Without including any images, output the listing below exactly.

## [Dataset excerpt]
──────

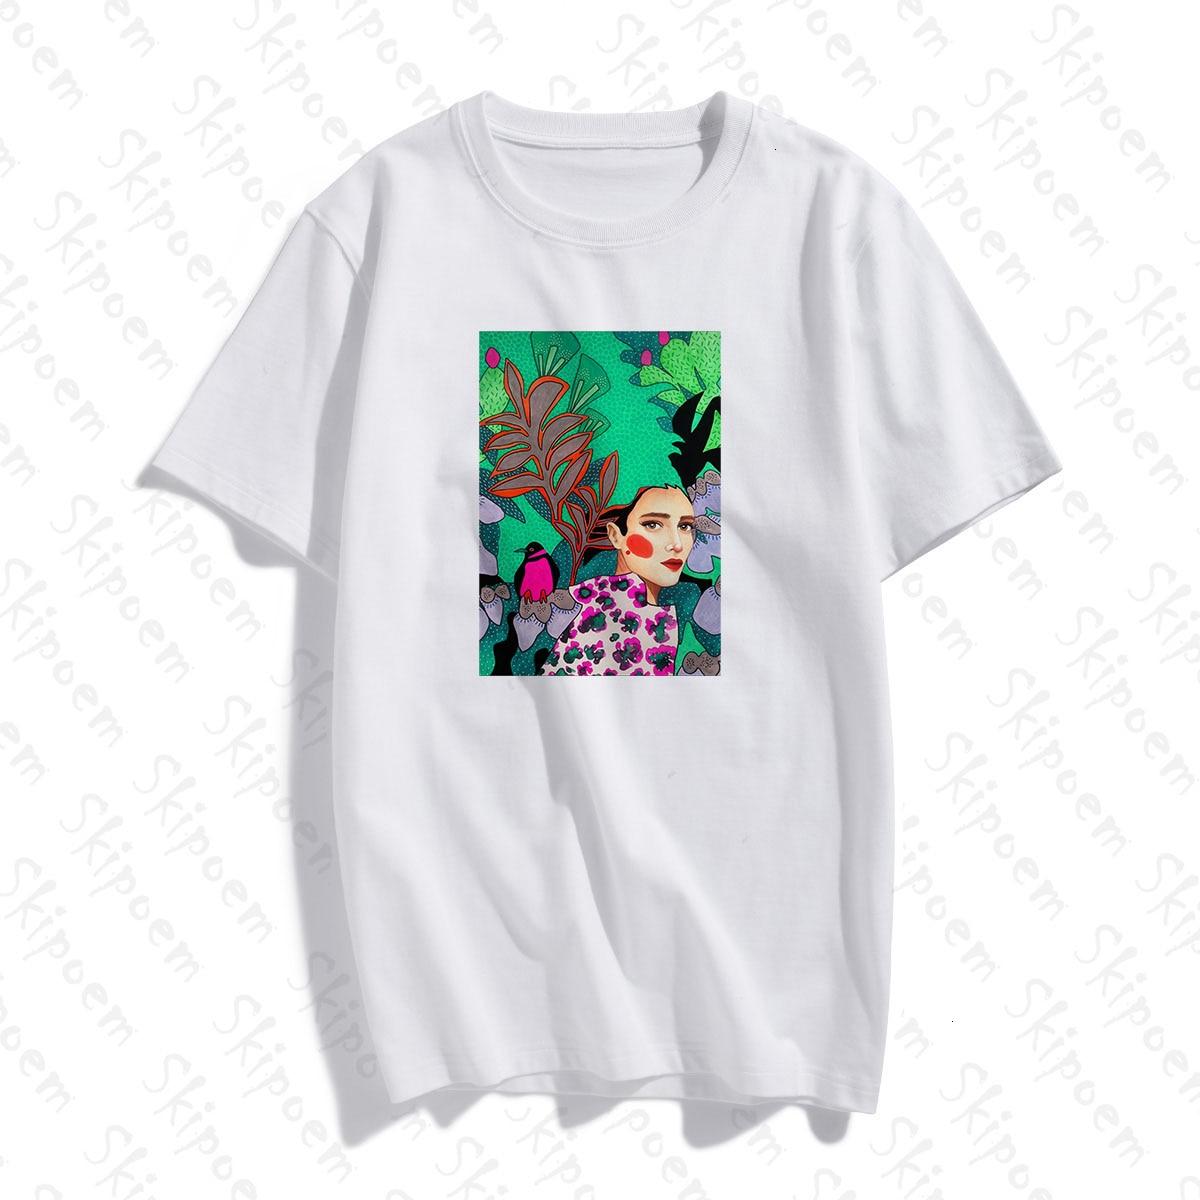 Estilo nórdico abstracto chica Londres arte mujeres camiseta estética Punk gótico Vintage algodón manga corta de talla grande Ropa Camisetas Camiseta con letras de amigos, camiseta de moda de verano para mujer con dibujos estéticos de amigos, pantalón corto informal de manga corta, graciosas camisetas coreanas para mujer
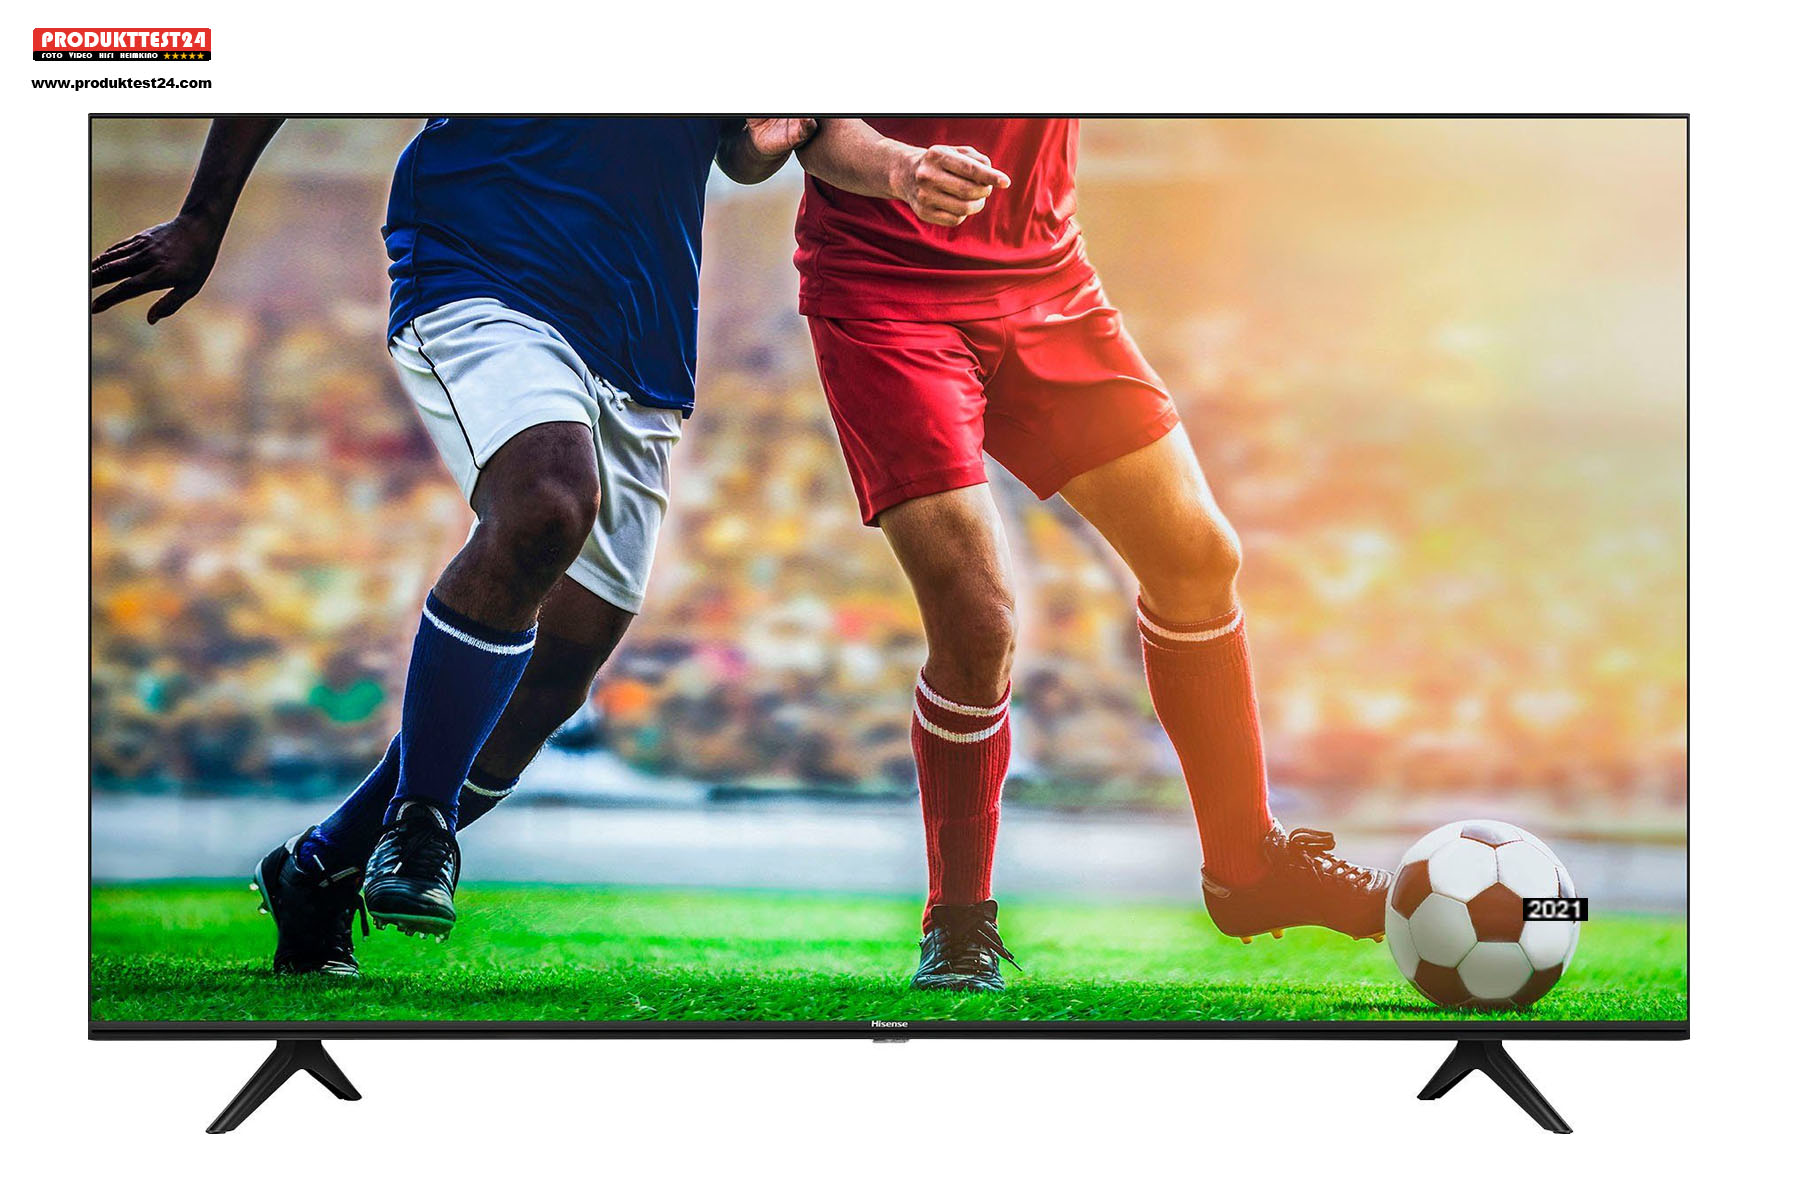 75 Zoll (190 cm) Bilddiagonale. Einer der größten Fernseher auf dem Markt.
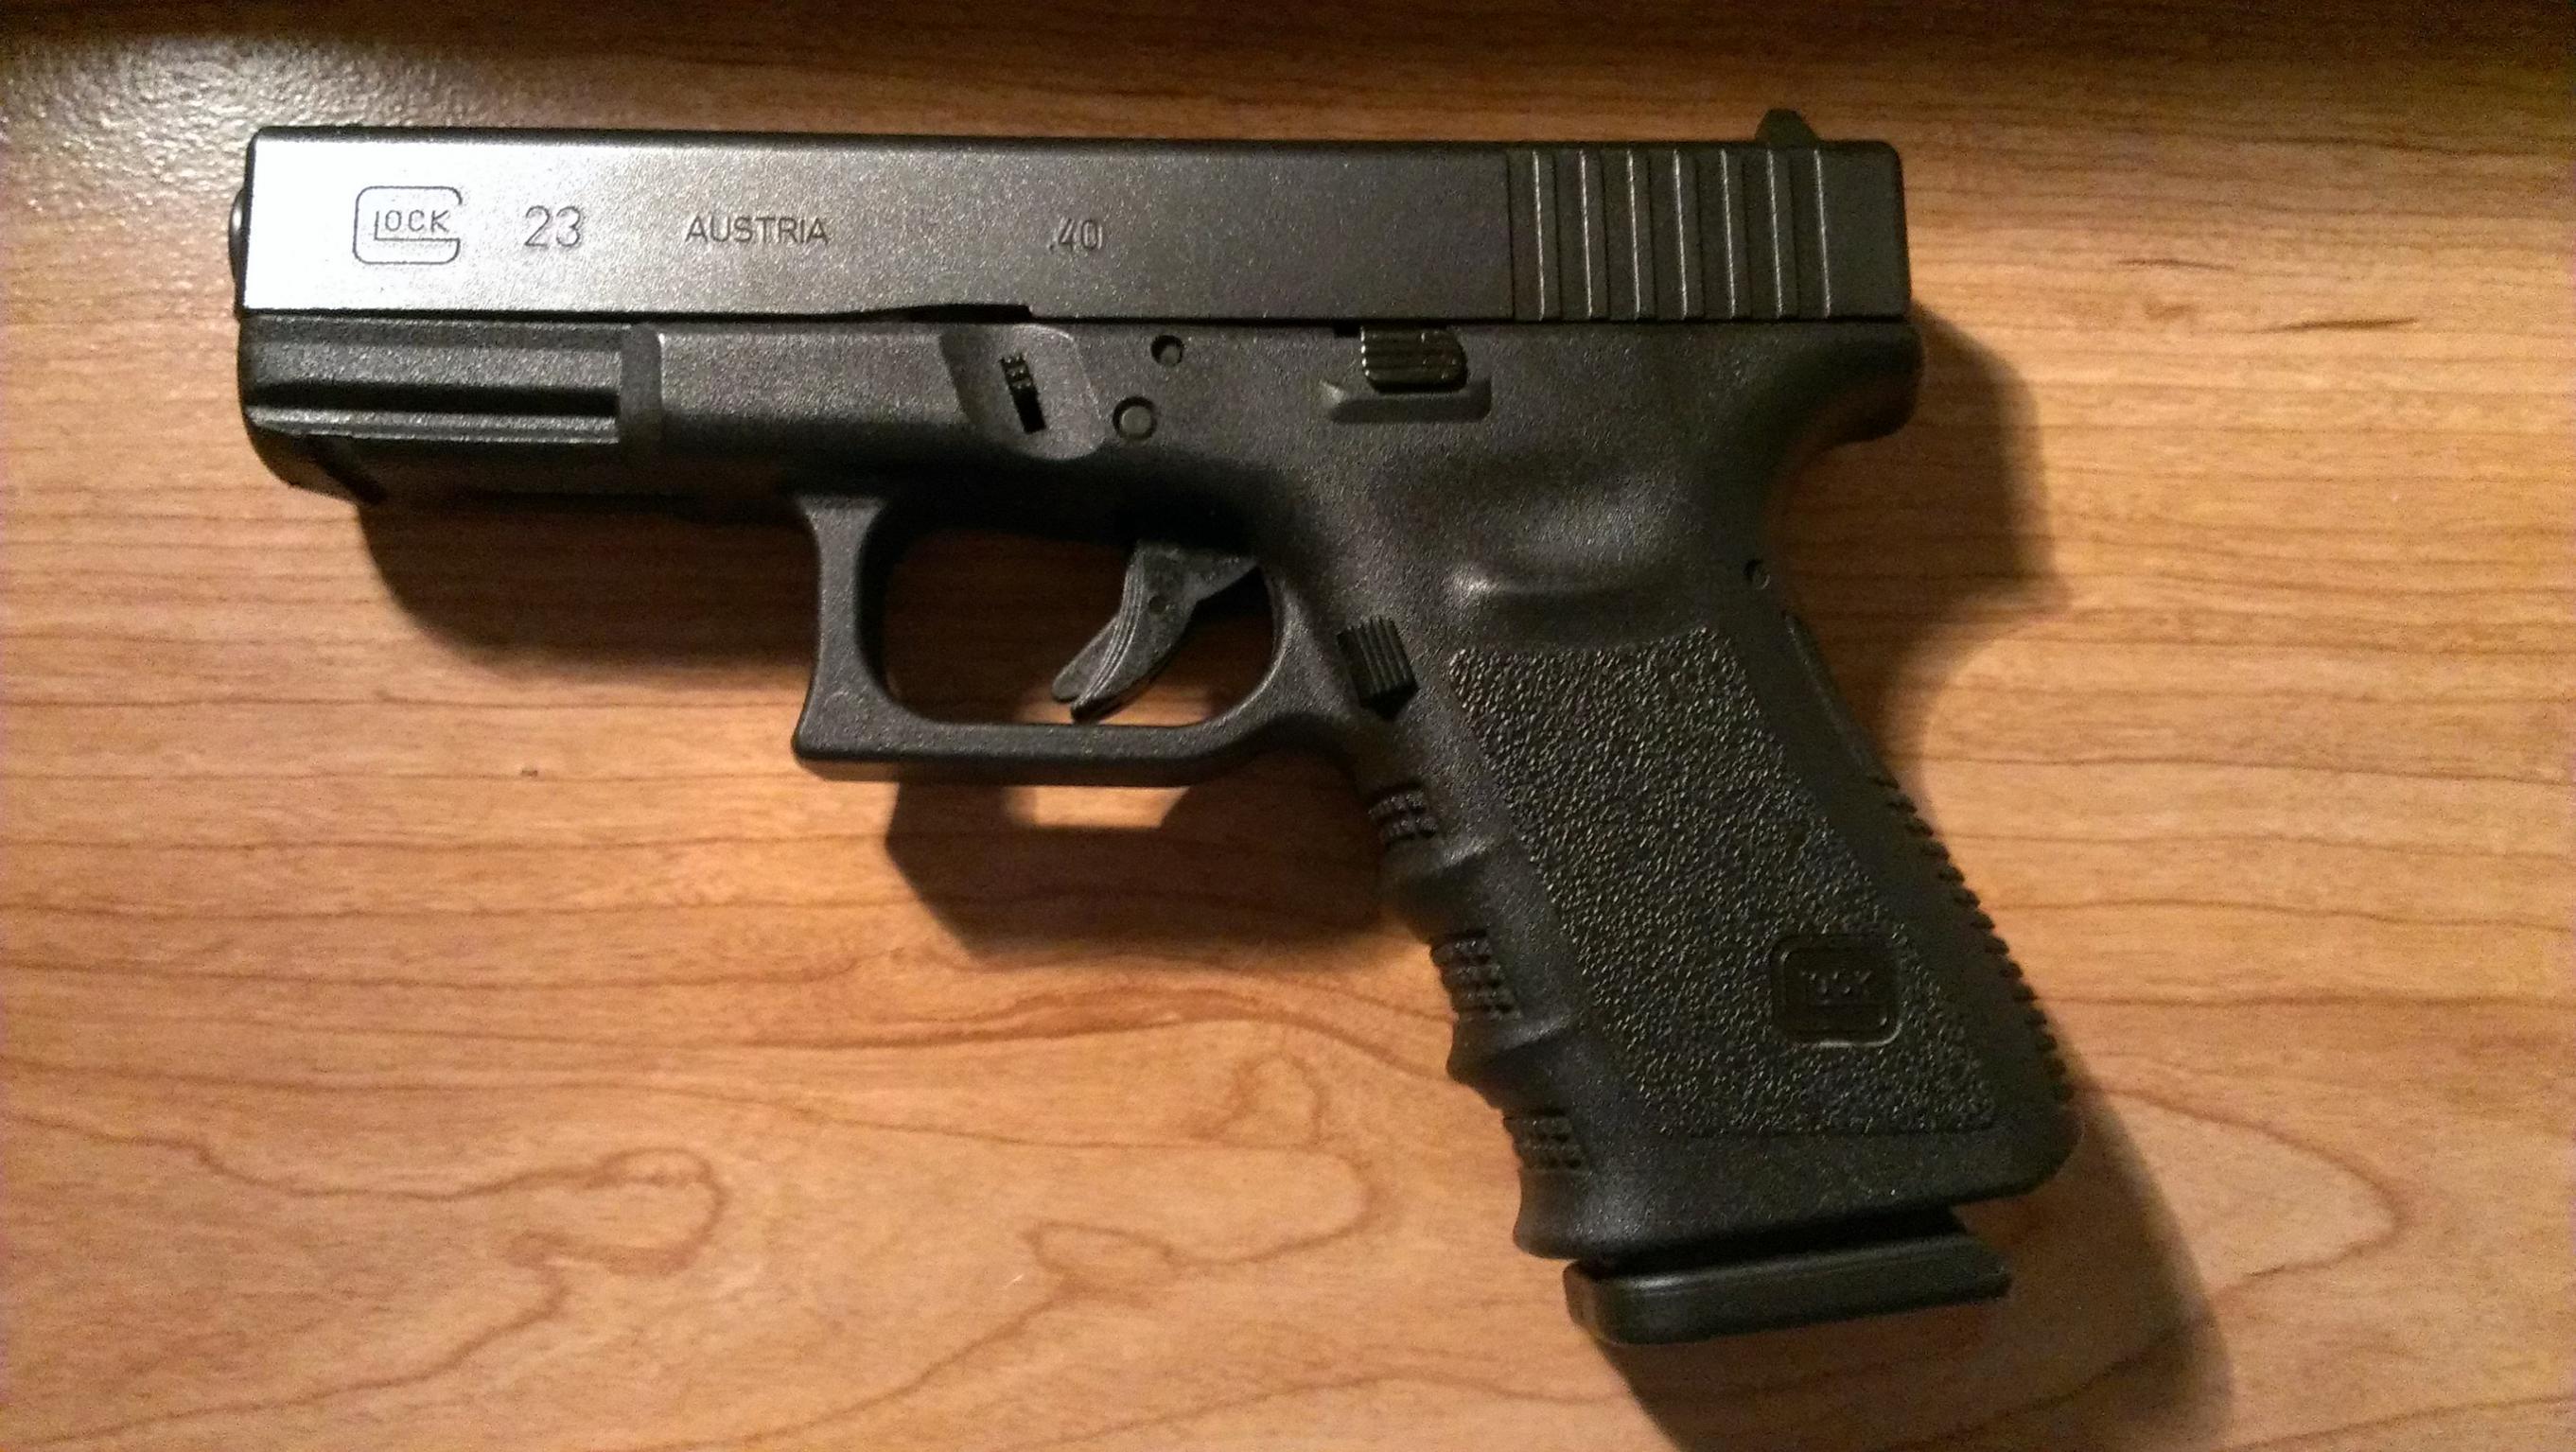 My Glock 19 became a Glock 23-glock-23.jpg

──────

## [Answer to the problem]
 Estilo nórdico abstracto chica Londres arte mujeres camiseta estética Punk gótico Vintage algodón manga corta de talla grande Ropa Camisetas Camiseta con letras de amigos, camiseta de moda de verano para mujer con dibujos estéticos de amigos, pantalón corto informal de manga corta, graciosas camisetas coreanas para mujer
 75 Zoll (190 cm) Bilddiagonale. Einer der größten Fernseher auf dem Markt.
 My Glock 19 became a Glock 23-glock-23.jpg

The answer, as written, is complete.